Dans le roman de Giscard, le président se nomme aussi Henri, Jacques-Henri Lambertye plus précisément, et l'objet de ses pensées, non pas Diane, c'eût été par trop évident, mais Patricia, prénom qui pour n'être pas princier n'en est pas moins pourvu d'une certaine grâce. Patricia est princesse de Cardiff, «ville située dans le pays de Galles», tient à préciser l'auteur. Leur passion, comme celle des héros de Madame de La Fayette, est également violente.
«Promesse tenue»
Le livre s'ouvre sur une épigraphe intrigante : «Promesse tenue», qui semble signifier que Valéry Giscard d'Estaing s'acquitte là d'une dette, par-delà le temps et peut-être par-delà la mort. Mais envers qui ? À la fin du roman, il écrit : «“Vous m'avez demandé l'autorisation d'écrire votre récit”, me dit-elle. “Je vous la donne ! Mais faites-moi une promesse…”» Il est possible qu'il y ait là une clé.

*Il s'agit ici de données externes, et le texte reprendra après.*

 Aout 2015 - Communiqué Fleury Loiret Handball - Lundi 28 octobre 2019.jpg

La rencontre du président Lambertye et de la princesse Patricia a lieu au palais de Buckingham, pendant un dîner officiel de clôture du G7, «le groupe des sept pays les plus industrialisés de la planète qu'un de mes prédécesseurs avait invité pour la première fois en 1975» , note malicieusement l'auteur.
Le président est veuf. La princesse inconsolable : «Une dizaine de jours avant mon mariage, mon futur mari est venu me dire qu'il avait une maîtresse et qu'il était décidé à poursuivre ses relations avec elle après notre mariage.» Elle multiplie donc les aventures sans lendemain et plus sérieusement les engagements dans l'action caritative internationale (enfants sidéens, lutte contre les mines antipersonnel, etc.). À propos de son héroïne, Giscard avoue : «Je lui ai baisé la main, et elle m'a interrogé, ses yeux, maintenant ardoise, agrandis dans son visage, qu'elle tient incliné en avant.» On la voit.

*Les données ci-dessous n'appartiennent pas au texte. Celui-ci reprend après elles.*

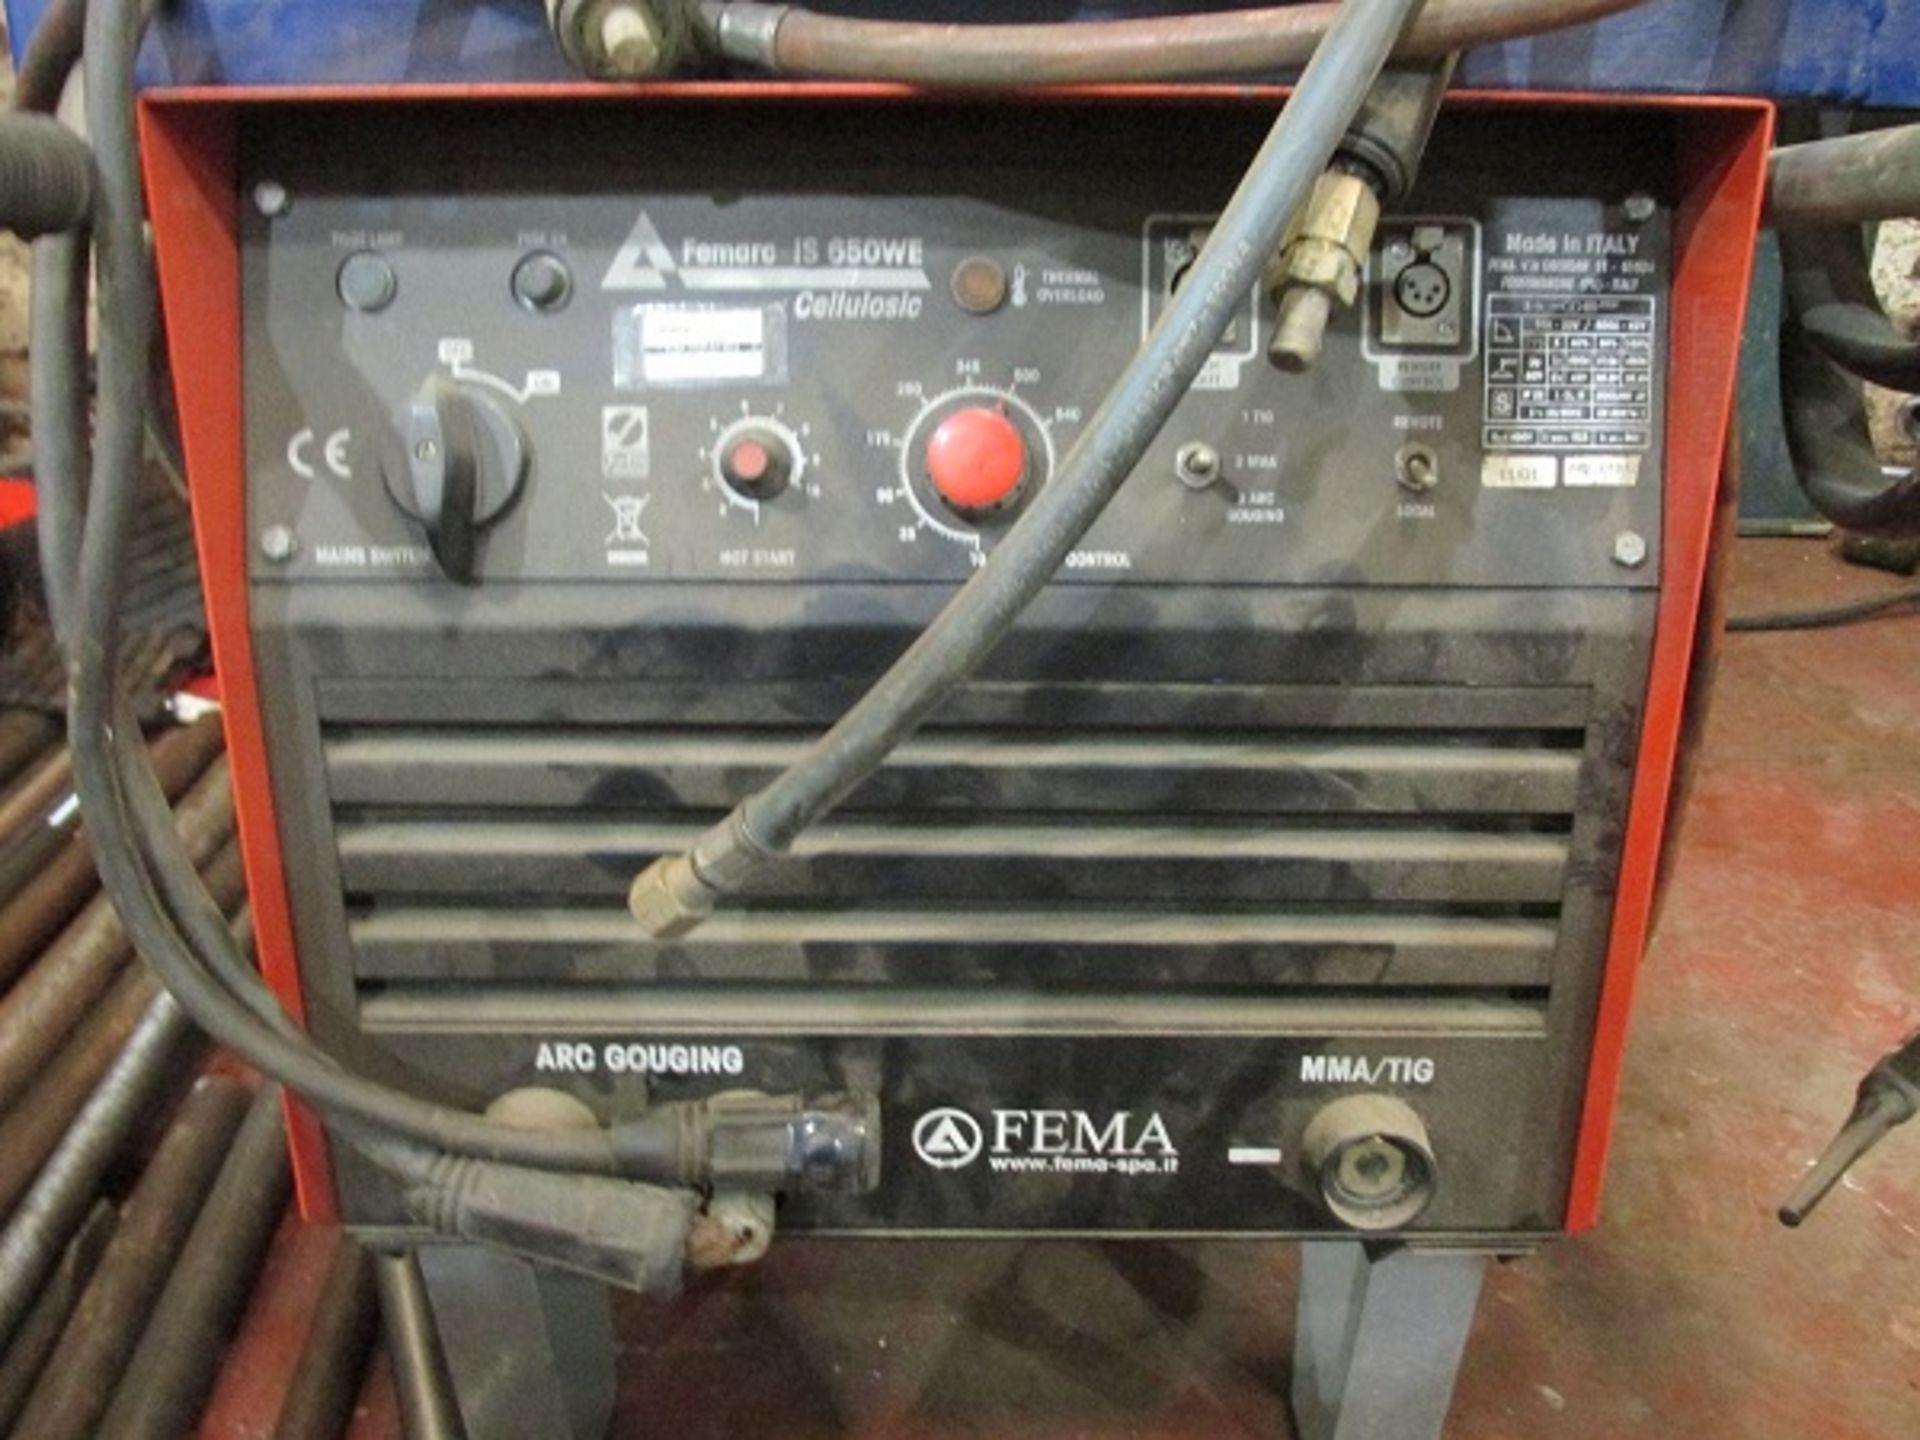 Los 30 - FEMA FERMAC IS 650 WE Cellulosic Welder

Pendant son septennat, l'auteur avait fait l'admiration de ses concitoyens en montrant sa remarquable connaissance de l'œuvre de Maupassant. Nulle surprise donc à voir son héros demander à la littérature des guides pour ses initiatives amoureuses : «Je pense à l'exaltation de Julien Sorel dans Le Rouge et le Noir, lorsqu'il aperçoit, tout près du sien, le bras de Mme de Rênal.» Plus loin, c'est un autre Normand, Barbey d'Aurevilly, qui donne à Lambertye le courage de faire le premier pas. Dans le train officiel qui les ramène, après les cérémonies de commémoration du Débarquement (1984), il s'empare de la main de la princesse posée sagement sous la table, comme il est d'usage en Grande-Bretagne. Ce faisant, il déclare s'inspirer de la scène du Rideau cramoisi qui réunit Alberte et le vicomte de Brassard. Ailleurs enfin, le président se détend en lisant Dumas et l'on se prend à penser que Giscard s'amuse à rejouer au XXe siècle la grande passion franco-anglaise, Anne d'Autriche et Buckingham, Lambertye et Patricia - mousquetaires en moins, paparazzi en plus, et in fine complications diplomatiques inchangées.

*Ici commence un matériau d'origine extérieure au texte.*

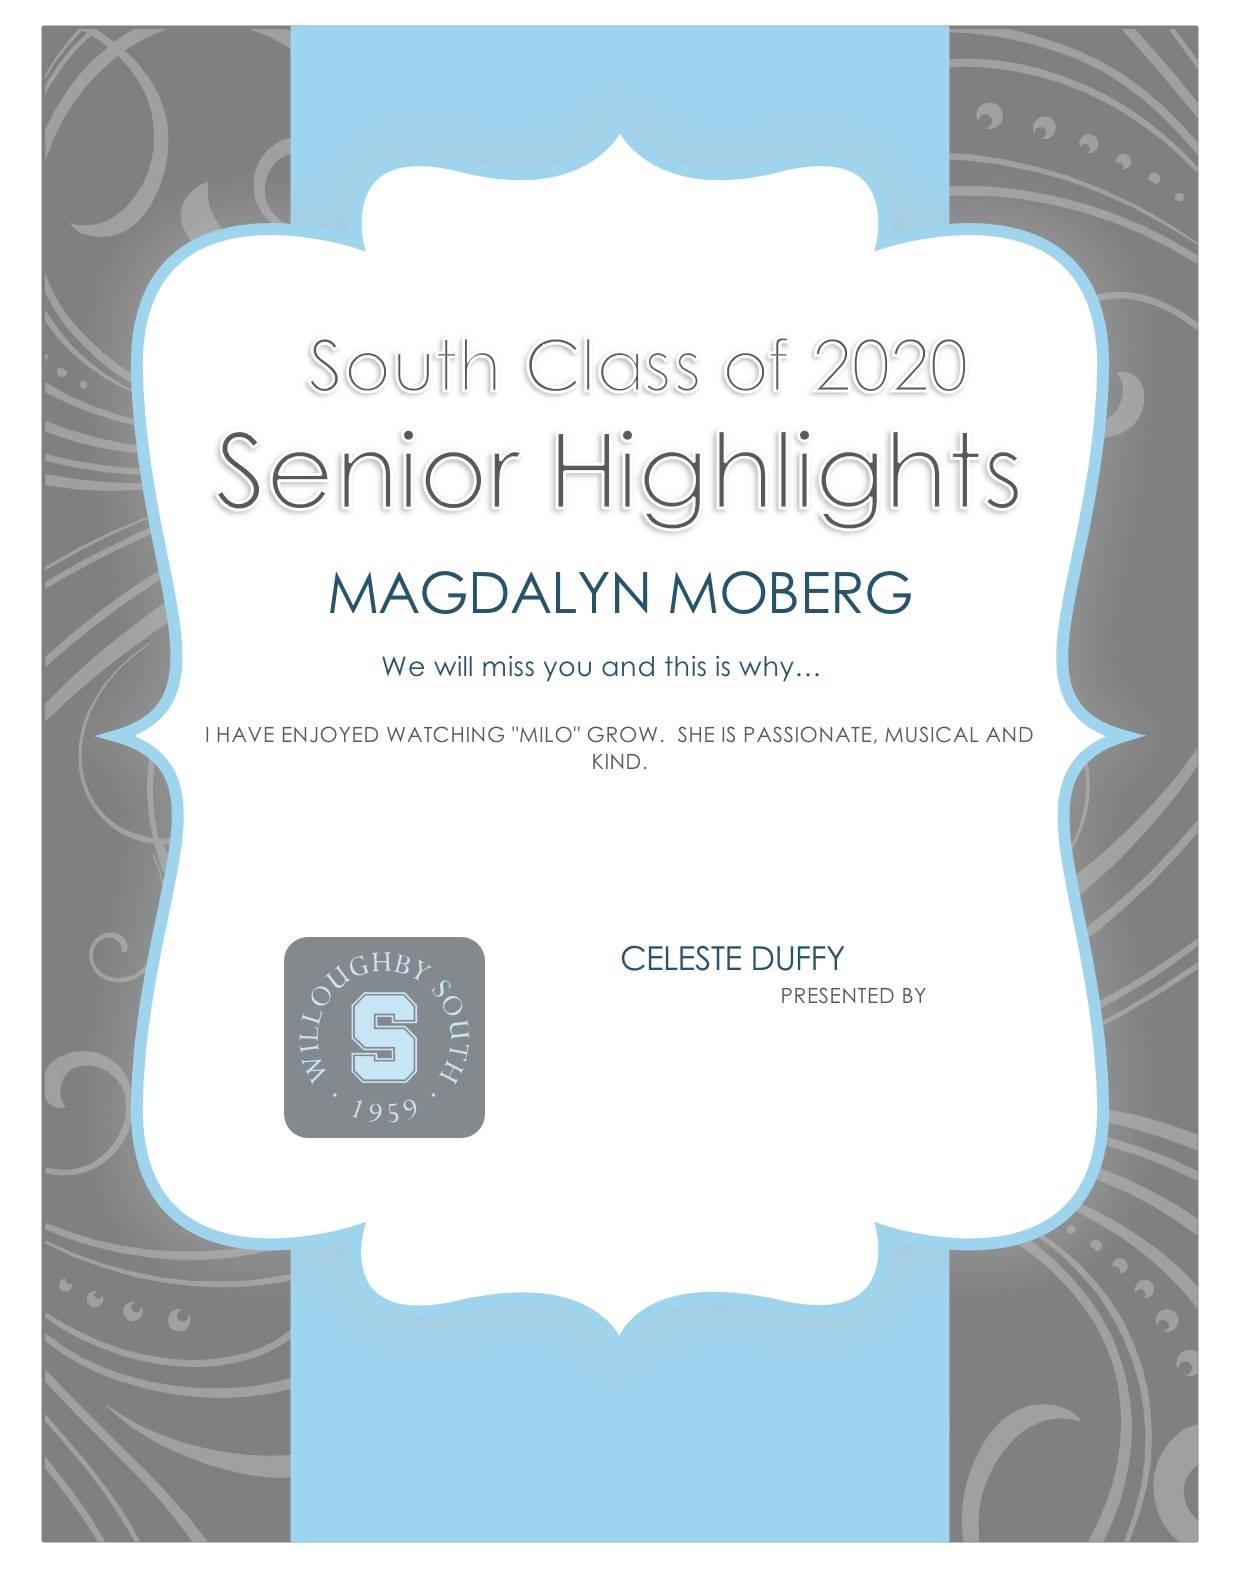 Magdalyn Moberg

Henri et Patricia - au fil des pages, le formalisme protocolaire laisse place à une tendre familiarité - vont s'aimer dans les nombreux palais nationaux ou royaux que tous les régimes offrent à leurs dirigeants. Leurs nids s'appellent Kensington ou Soucy (qui abrita d'autres amours présidentielles et surtout leur fruit, prénommé Mazarine). Le château de Rambouillet, que l'auteur décrit avec force détails qui attestent qu'il a de bons souvenirs de l'endroit, occupe une place centrale dans le roman : on sait que lorsqu'il était en fonction, le président Giscard d'Estaing aimait y organiser de grandes chasses. On ne s'étonnera donc pas que la liaison d'Henri et Patricia se noue sur une métaphore cynégétique. «Le rituel de la chasse est toujours le même», écrit-il, avant d'en administrer la preuve.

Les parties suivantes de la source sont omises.